Analysis

IAEA Says Nuclear Capacity Could More Than Double By 2050, With SMRs Playing ‘Pivotal Role’

By David Dalton
15 September 2025

As interest in sector grows, agency revises projections upwards for fifth year in a row

IAEA Says Nuclear Capacity Could More Than Double By 2050, With SMRs Playing ‘Pivotal Role’
IAEA director-general Rafael Grossi addressing the agency’s 69th general conference in Vienna on 15 September. Courtesy IAEA.

The International Atomic Energy Agency (IAEA) has revised upwards its projections for the expansion of nuclear power for the fifth year in a row, estimating that global nuclear operational capacity will more than double by 2050.

The Vienna-based UN agency said nuclear capacity could reach 2.6 times the 2024 level by 2050 with small modular reactors (SMRs) expected to play a pivotal role in this expansion.

The estimate comes as global momentum continues to build behind the “clean and secure” source of energy, a statement said.

IAEA director-general Rafael Mariano Grossi announced the new projections, contained in the annual report Energy, Electricity and Nuclear Power Estimates for the Period up to 2050, at the 69th IAEA general conference in Vienna.

At the end of 2024, 417 commercial nuclear power reactors were operational, with a global capacity of 377 GW. In the IAEA’s high case projection, nuclear electrical generating capacity is projected to increase to 992 GW by 2050. In the low case projection, capacity rises 50% to 561 GW, compared with 2024.

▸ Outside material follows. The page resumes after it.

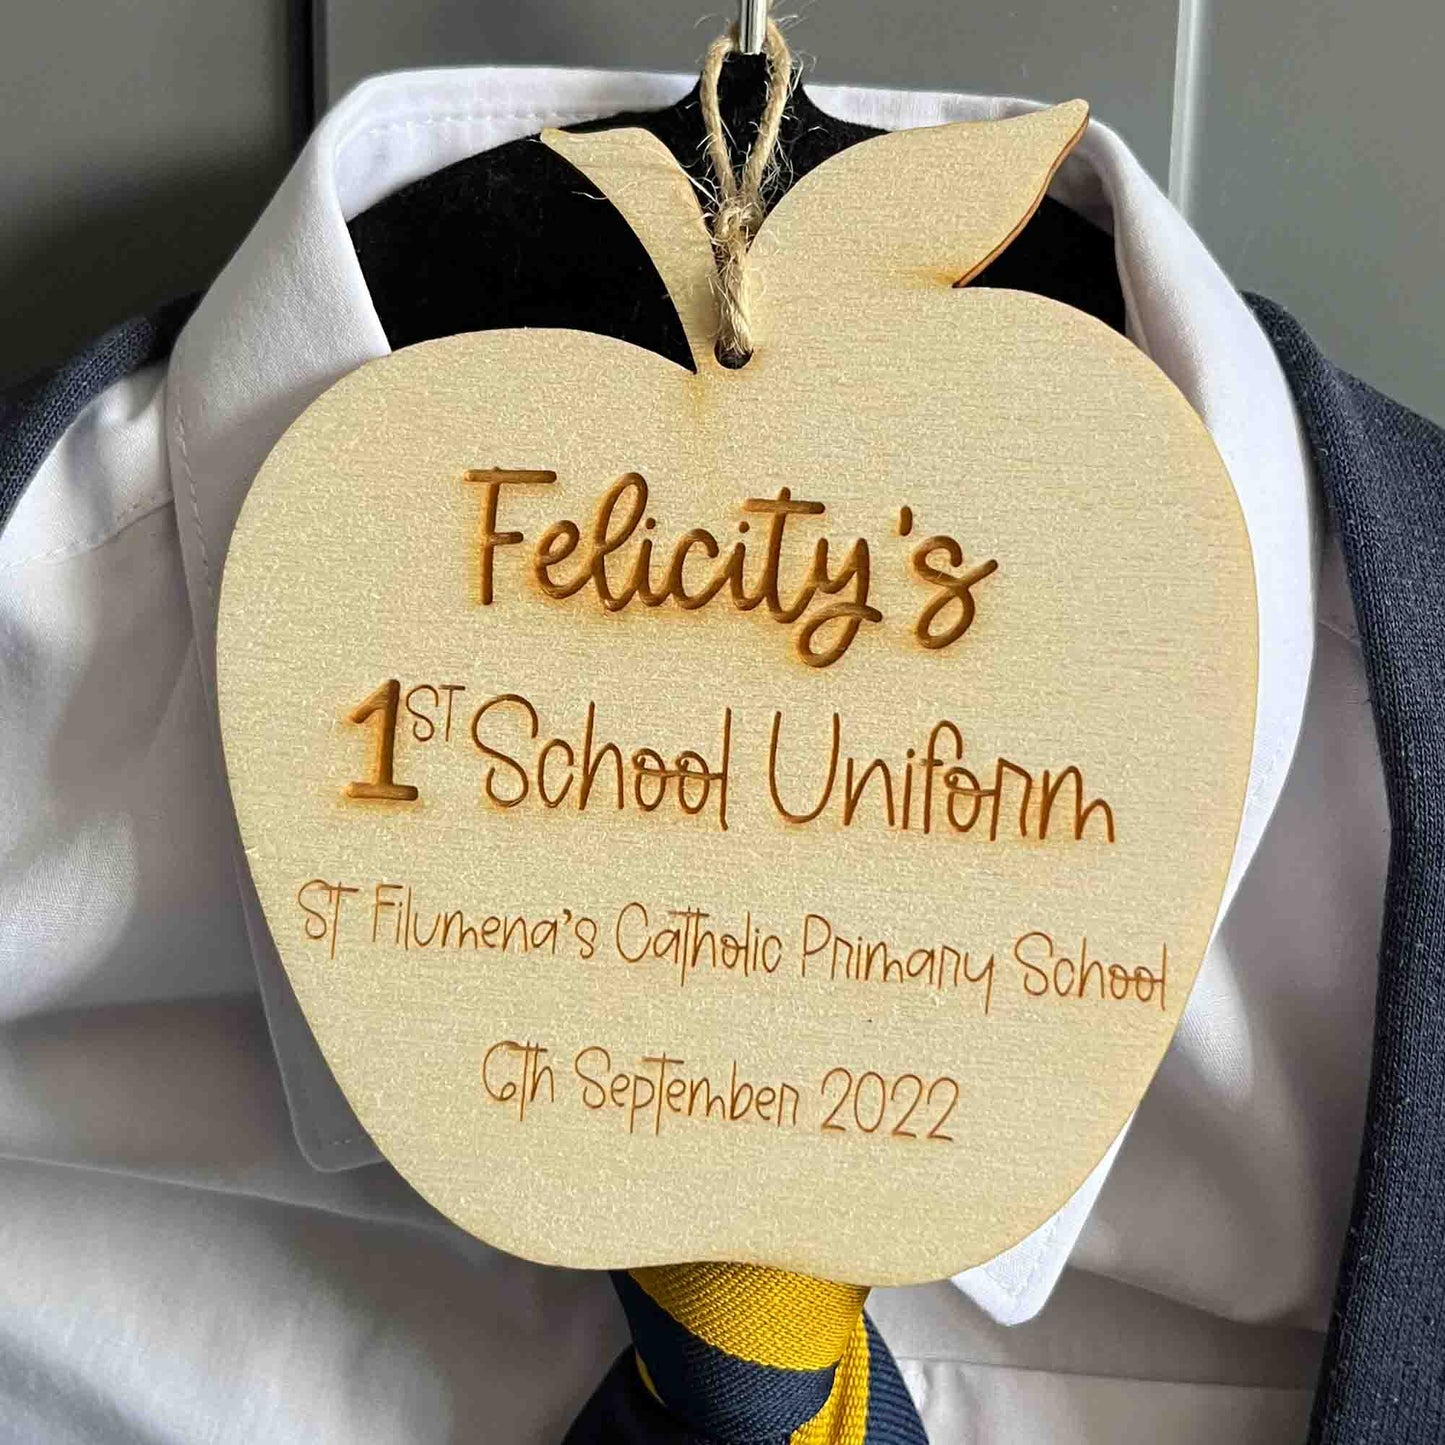 1st school uniform hanger tag. in shape of an apple

SMRs are projected to account for 24% of the new capacity added in the high case and for 5% in the low case.

In 2021, the IAEA revised up its annual projections for the first time since Japan’s Fukushima-Daiichi nuclear power station accident in Japan in 2011. Since then, the projection for the high case has increased by 25%, from 792 GW in 2021

“The IAEA’s steadily rising annual projections underscore a growing global consensus: nuclear power is indispensable for achieving clean, reliable and sustainable energy for all,” Grossi said.

The high case projection included all operating reactors, possible licence renewals, planned shutdowns, power uprates and plausible and ongoing construction projects foreseen for the next few decades.

The assumptions of the low case projections are that current market, technology and resource trends continue and that there are few changes in laws, policies and regulations affecting nuclear power.

In the high case, national intentions for expanding the use of nuclear power were also considered. The report says that the high case projection remains both plausible and technically feasible and notes the possibility for capacity to exceed this estimate.

It notes, however, that “enabling factors” such as national policies, supporting investment and workforce development, would be needed to help reach – or exceed – the high case.

“While SMRs continue to attract a lot of interest from both embarking and expanding nuclear power countries, harmonised regulatory and industrial approaches will also be necessary for their successful and timely deployment,” the IAEA said.